Background Finite nucleos(t)ide analogue (NUC) therapy is an emerging treatment strategy in selected patients with chronic hepatitis B (CHB). We evaluated the feasibility, efficacy, and safety of NUC discontinuation in non-cirrhotic patients fulfilling the Asian Pacific Association for the Study of the Liver (APASL) stopping criteria. Methods We retrospectively analysed data from a tertiary gastroenterology clinic (January 2021-December 2024). Consecutive non-cirrhotic CHB patients meeting APASL criteria were included: hepatitis B e-antigen (HBeAg)-positive with stable HBeAg seroconversion and undetectable hepatitis B virus (HBV) DNA ≥12 months (preferably ≥3 years), or HBeAg-negative with ≥2 years of therapy and undetectable HBV DNA on three occasions, six months apart. Exclusion criteria were significant alcohol intake, viral coinfections, extrahepatic HBV disease, personal or family hepatocellular carcinoma (HCC) history, cirrhosis by imaging or elastography, or unwillingness to discontinue therapy. Patients were monitored for two years with clinical assessment, alanine aminotransferase (ALT), and HBV DNA. Retreatment was predefined upon virological or biochemical relapse.
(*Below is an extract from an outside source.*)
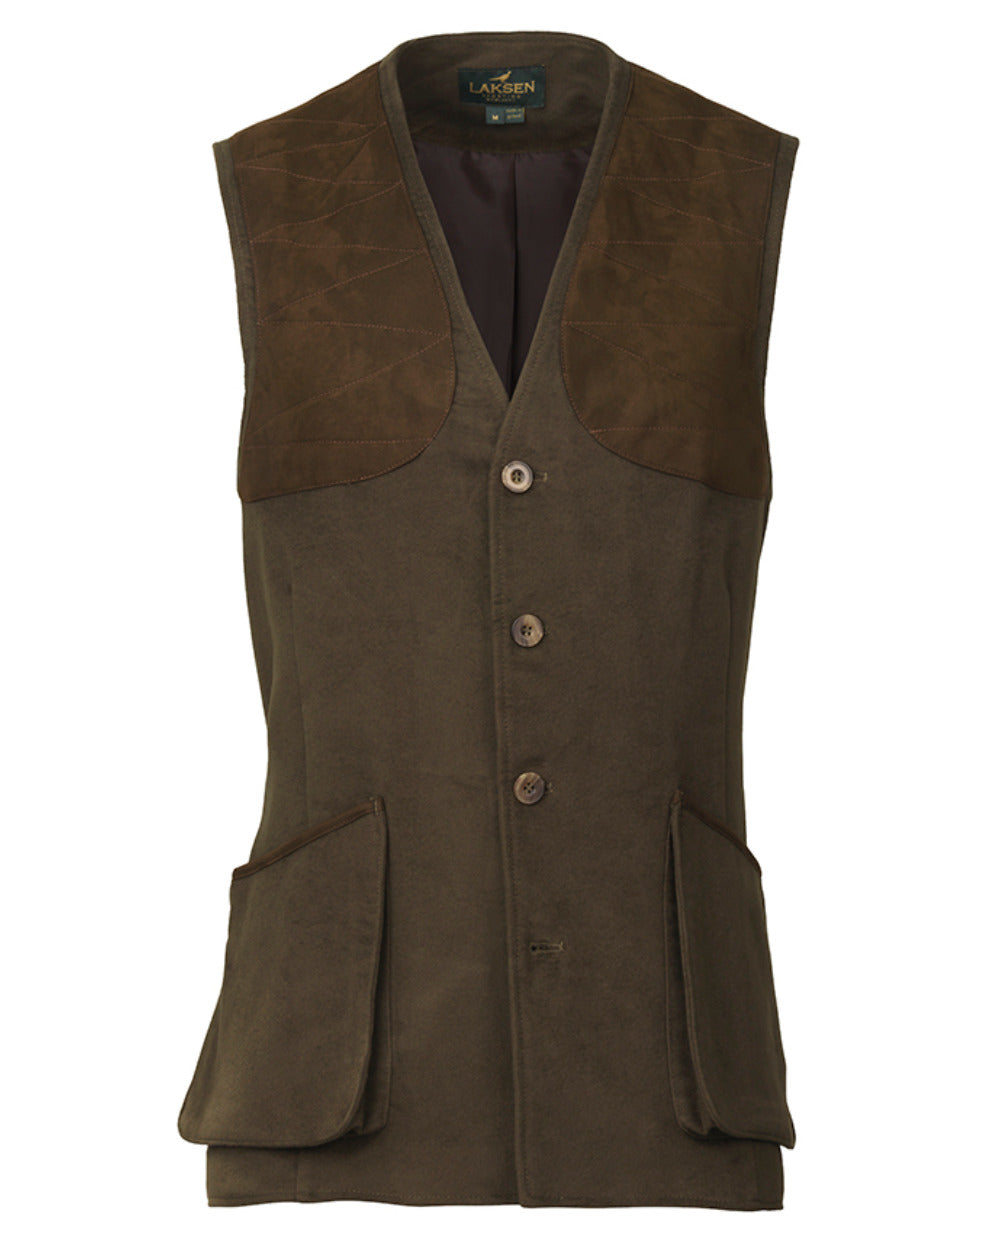 Loden Coloured Laksen Belgravia Leith Shooting Vest On A White Background

Results Twenty-nine patients were included (HBeAg-positive, 15; HBeAg-negative, 14). At three months, virological relapse occurred in 14/29 (48.3%) patients, more frequently in HBeAg-positive than in HBeAg-negative patients (10/15 (66.7%) vs 4/14 (28.6%); p = 0.047). No significant difference in virological relapse was observed between patients receiving tenofovir and those receiving entecavir (ETV) (5/15 (33.28%) vs 9/14 (64.28%); p = 0.09). All relapsed patients restarted the same NUC and achieved complete viral suppression within two years. Sustained off-therapy remission was observed in 15/29 (51.7%), more common in HBeAg-negative than HBeAg-positive patients (10/14 (71.4%) vs 5/15 (33.3%); p = 0.049). No flare, hepatic decompensation, antiviral non-response, or deaths occurred. Conclusions Finite NUC therapy was feasible and safe in non-cirrhotic CHB patients meeting APASL criteria. Sustained remission was maintained in half of the patients, supporting finite therapy with early monitoring and clear retreatment thresholds. However, larger multicentre studies are needed to validate these findings.